As Tim mentioned in his comment - it is quite not possible to do in a way you mock it
I want to compare many different fields like this, I only need to change the field name in one place as opposed to five places.
You can try to re-write your query in such a way that you will need to change field name in less places, like in below examples
#standardSQL
SELECT * FROM (SELECT field1, COUNT(*) sq1_total FROM `project.dataset.table` WHERE condition = 1 GROUP BY 1) sq1
LEFT JOIN (SELECT field1, COUNT(*) sq2_total FROM `project.dataset.table` WHERE condition = 0 GROUP BY 1) sq2
USING (field1)
OR
#standardSQL
SELECT DISTINCT field1,
COUNTIF(condition = 1) OVER(PARTITION BY field1) sq1_total,
COUNTIF(condition = 0) OVER(PARTITION BY field1) sq2_total
FROM `project.dataset.table`
In bothe above queries - there are "just" three place to replace field name in (as opposed to 5 in original query)
Obviously - this does not address the problem in qualitative way - just quantitatively
Is this possible?
Good news - there is always work around - but usually it requires to slightly change something in your requirements, expectations
For example in below solution you need to set field name only once!!! in UNNEST(['field1']) field
line
#standardSQL
SELECT DISTINCT field, value,
COUNTIF(condition = 1) OVER(PARTITION BY field, value) sq1_total,
COUNTIF(condition = 0) OVER(PARTITION BY field, value) sq2_total
FROM (
SELECT field, REGEXP_EXTRACT(x, CONCAT(r'"', field, '":"?([^",])"?')) value, condition
FROM `project.dataset.table` t,
UNNEST([TO_JSON_STRING(t)]) x,
UNNEST(['field1']) field
)
the "price" is - you will have output in form of (with dummy data)
Row field value sq1_total sq2_total
1 field1 1 1 3
2 field1 2 1 0
instead of output from original query
Row field1 sq1_total sq2_total
1 1 1 3
2 2 1 null
I want to compare many different fields like this ...
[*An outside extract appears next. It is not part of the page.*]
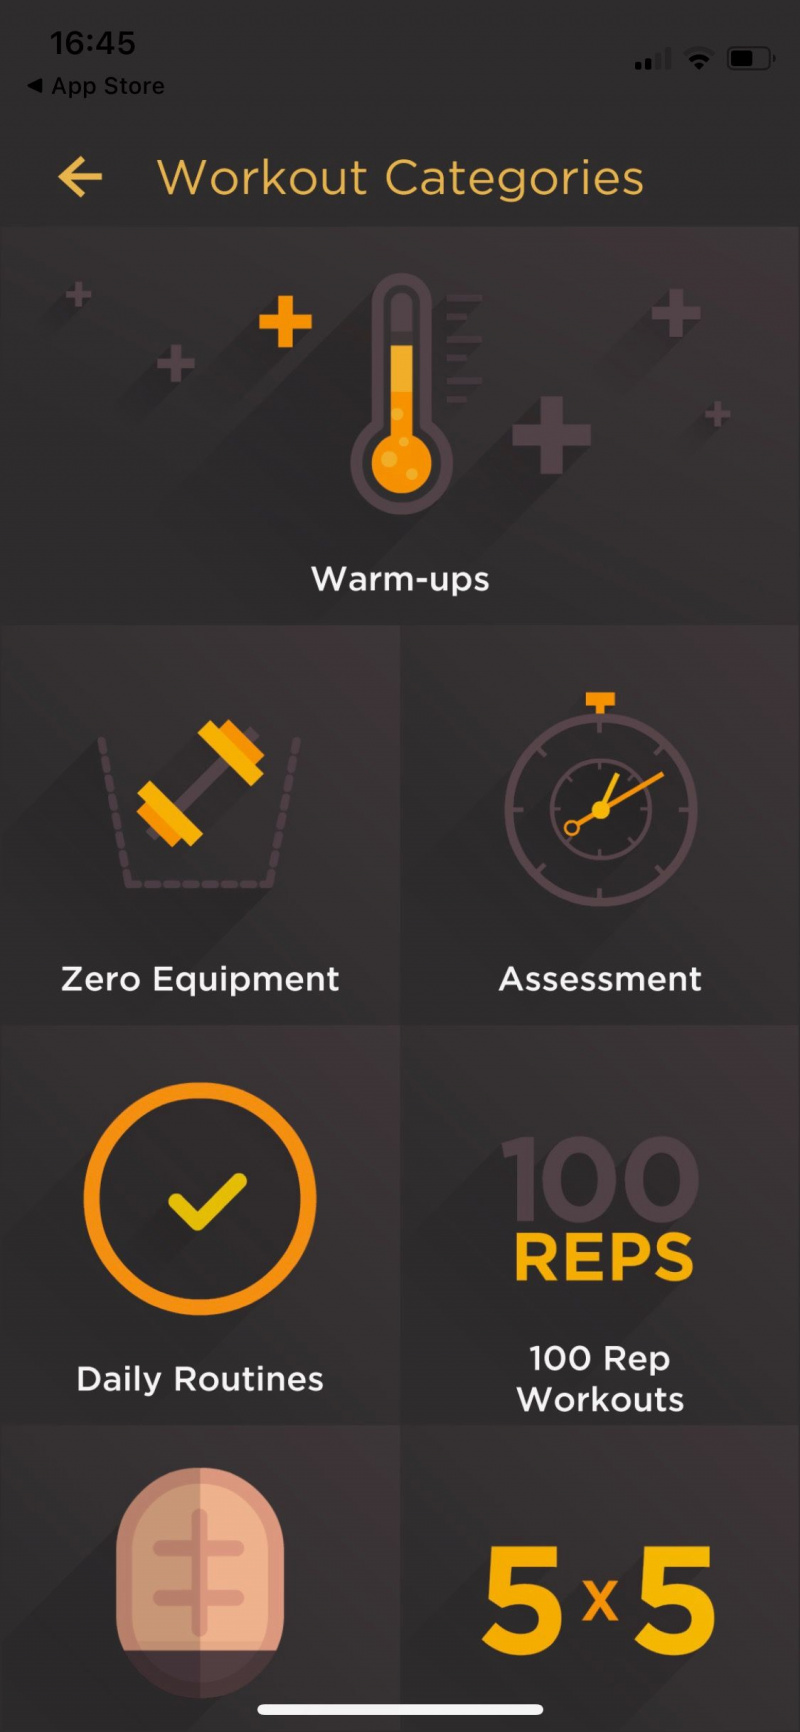   Snimka zaslona aplikacije Al Kavado koja prikazuje kategorije vježbanja
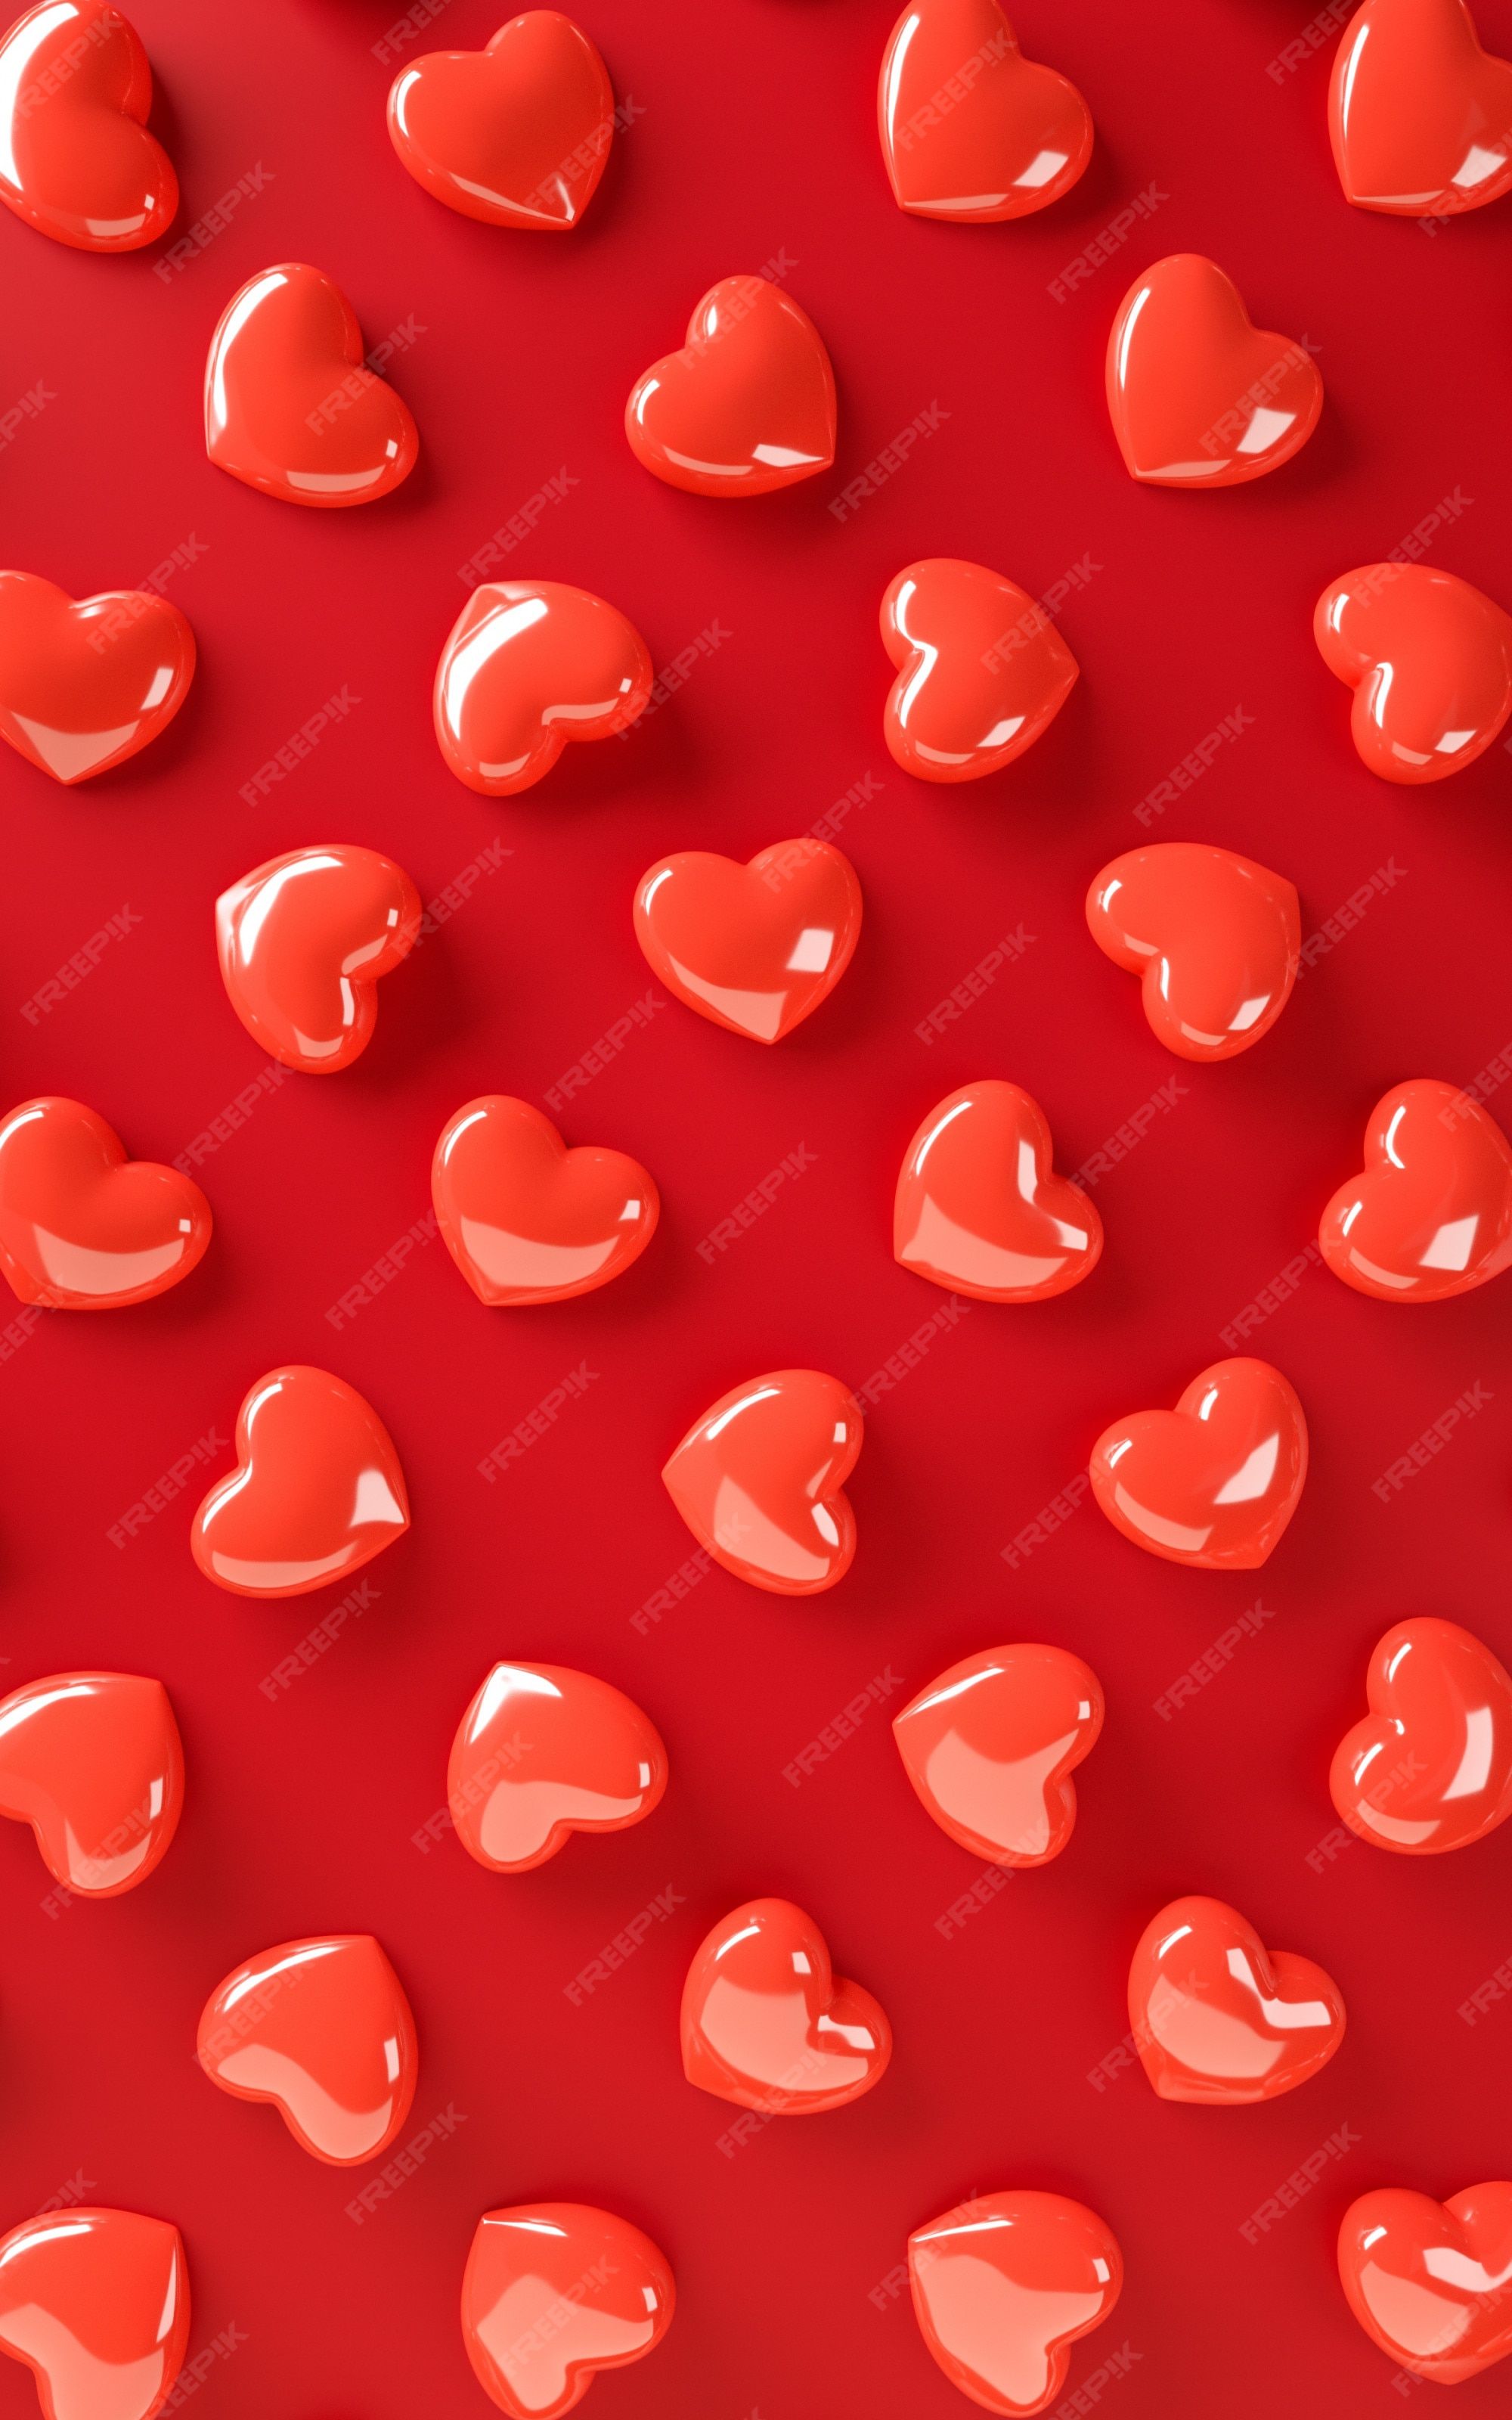  Valentinstag Hintergrundbild 2000x3200. Valentinstag herzen hintergrundmuster. fett rote farbe flach zu legen. lieben sie feiergrußkarte, plakat, fahnenschablone für wiedergabeillustration der partei 3D

The extra value in above approach is that you can run your comparison (for as many fields as you want) in one shot - by adding needed fields' names into UNNEST(['field1']) field
list as in below example
#standardSQL
SELECT DISTINCT field, value,
COUNTIF(condition = 1) OVER(PARTITION BY field, value) sq1_total,
COUNTIF(condition = 0) OVER(PARTITION BY field, value) sq2_total
FROM (
SELECT field, REGEXP_EXTRACT(x, CONCAT(r'"', field, '":"?([^",])"?')) value, condition
FROM `project.dataset.table` t,
UNNEST([TO_JSON_STRING(t)]) x,
UNNEST(['field1', 'field2']) field
)
-- ORDER BY field, value
so result could look like
Row field value sq1_total sq2_total
1 field1 1 1 3
2 field1 2 1 0
3 field2 1 1 1
4 field2 2 0 2
5 field2 3 1 0
Upvotes: 2